Restoring stability is an important part of biological knee replacement.
First published 2010 by Dr Kevin R Stone, and reviewed August 2023 by Dr Sheila Strover (Clinical Editor)
Biologic knee replacement - course
- Introduction to the concept of biologic knee replacement
- Articular cartilage repair or regrowth
- Partial meniscectomy, meniscal repair, reconstruction or replacement
- Options for damaged knee ligaments in biologic knee replacement
- Osteotomy as an adjunct procedure to biologic knee replacement
- Video - The paste graft technique
- Video - Meniscus cartilage replacement for arthritis
- Video - Lateral meniscus allograft transplantation
- Videos - Knee Dislocation: ACL Reconstruction - PCL Reconstruction / Reconstruction of posterolateral corner
- Treatment of failed Osteochondritis Dissecans repair by Articular Cartilage Paste Grafting
- Combined Meniscus Allograft Transplantation and Articular Cartilage Paste Grafting
- Collagen Meniscus Implant
For the unstable knee where there has been ligament damage such as an ACL tear, a PCL tear, a posterolateral corner tear or a medial collateral ligament (MCL) tear – which are the most common injuries that we see – we want to stabilise that joint as part of any biologic knee reconstruction.
We approach that in the following way –
We have posted a video called ‘Knee dislocation, reconstruction of the ACL, PCL and posterolateral corner' on our website for people to see, but in general we will use a sterilised bone patellar-tendon bone allograft (photo on right) for the ACL and for the PCL, and for the posterolateral corner we will use a sterilised anterior tibialis tendon which we pass through the fibular head, underneath the skin and underneath the iliotibial band and up to a small incision through the iliotibial band to the anatomic insertion site.
For reconstruction of ruptured ligaments in the knee when we are doing a biological joint reconstruction, we don’t want to sacrifice any of the patient’s own tissue if it is not necessary.
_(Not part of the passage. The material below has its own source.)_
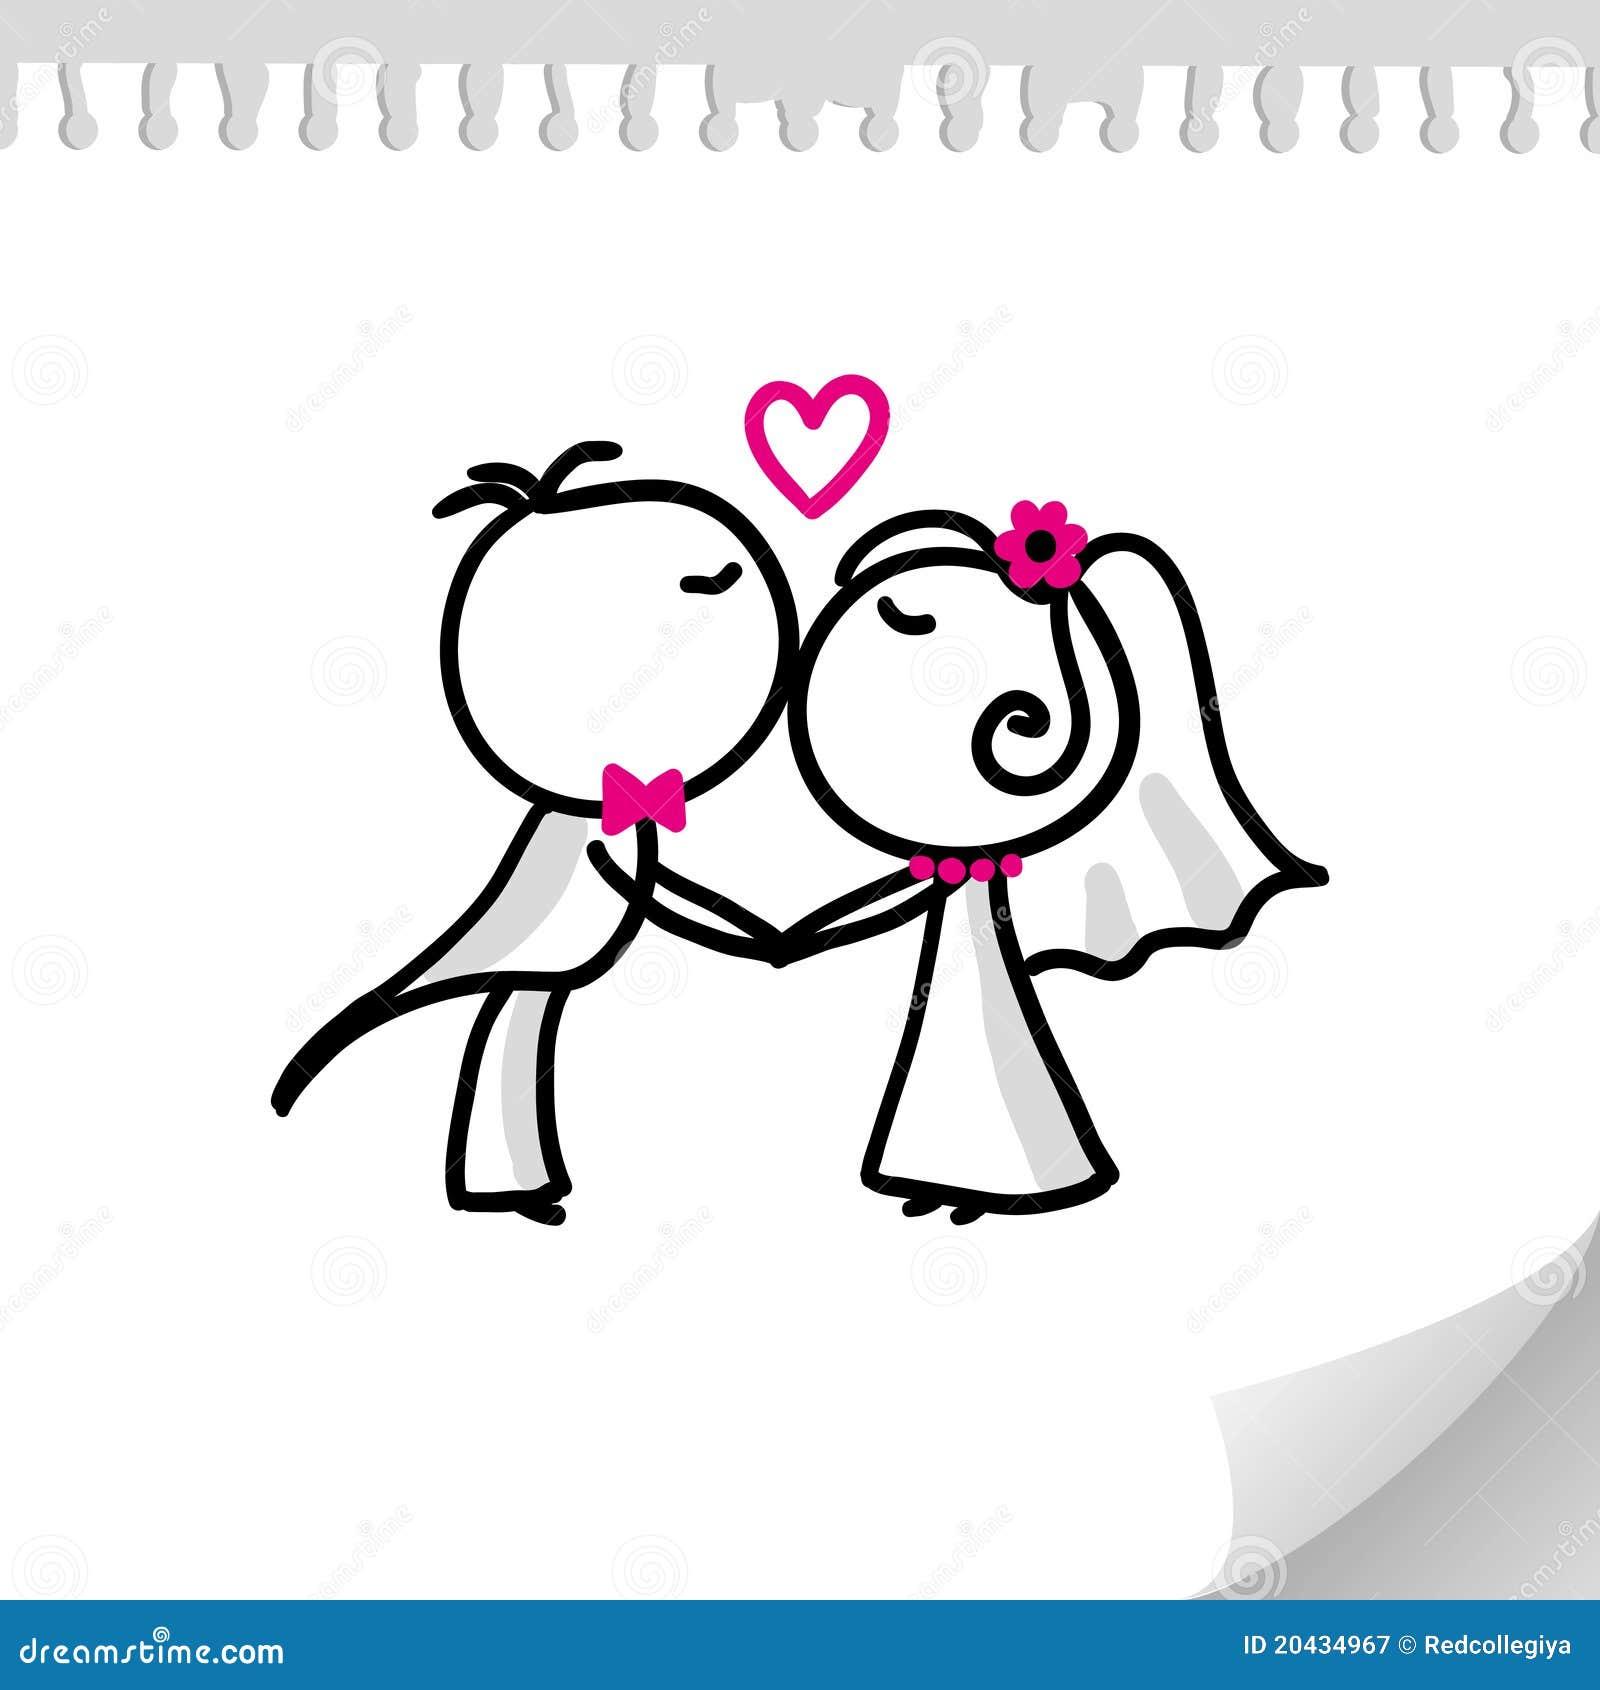 Wedding Couple Royalty Free Stock Photography - Image: 20434967
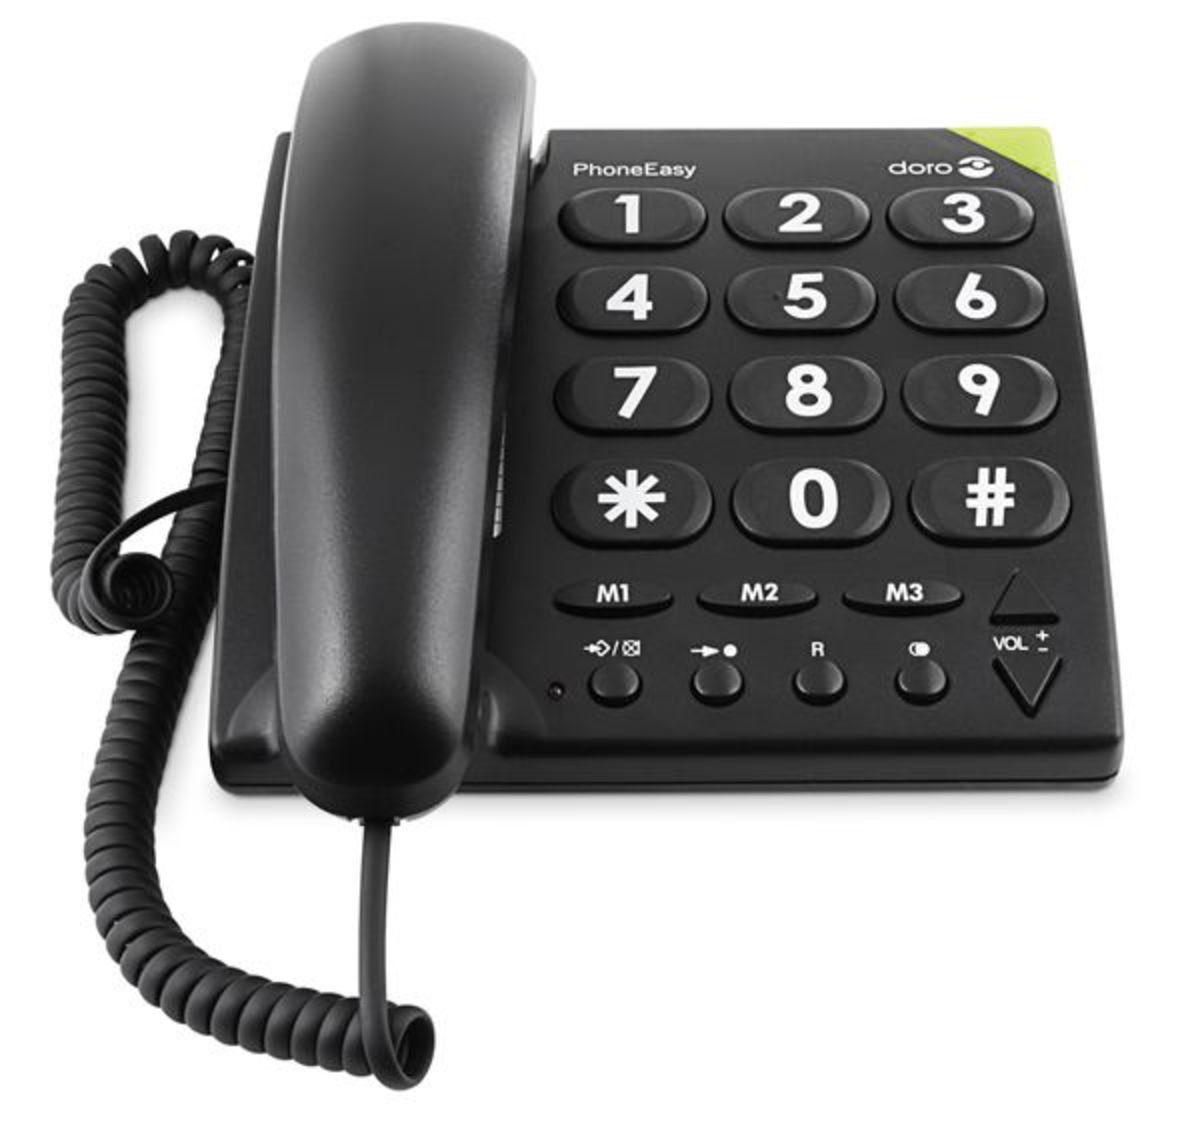 Doro Telefon analog schnurgebunden »PhoneEasy 311c, Schwarz«

Up until about 5 years ago we felt as though allograft tissues were not as reliable as autograft tissues.
Once we were able to obtain sterilised allograft tissues whose biomechanical properties had not been damaged by the sterilisation process then we felt comfortable moving forward to use those tissues in replacement of autogenous tissues. We did not want to ‘rob Peter to pay Paul’, that is we did not want to damage one part of the knee in order to rebuild another part of the knee. Over the last 5 years our results of allograft tissue have matched our autograft tissue except that the patients have much less pain and a much faster rehabilitation.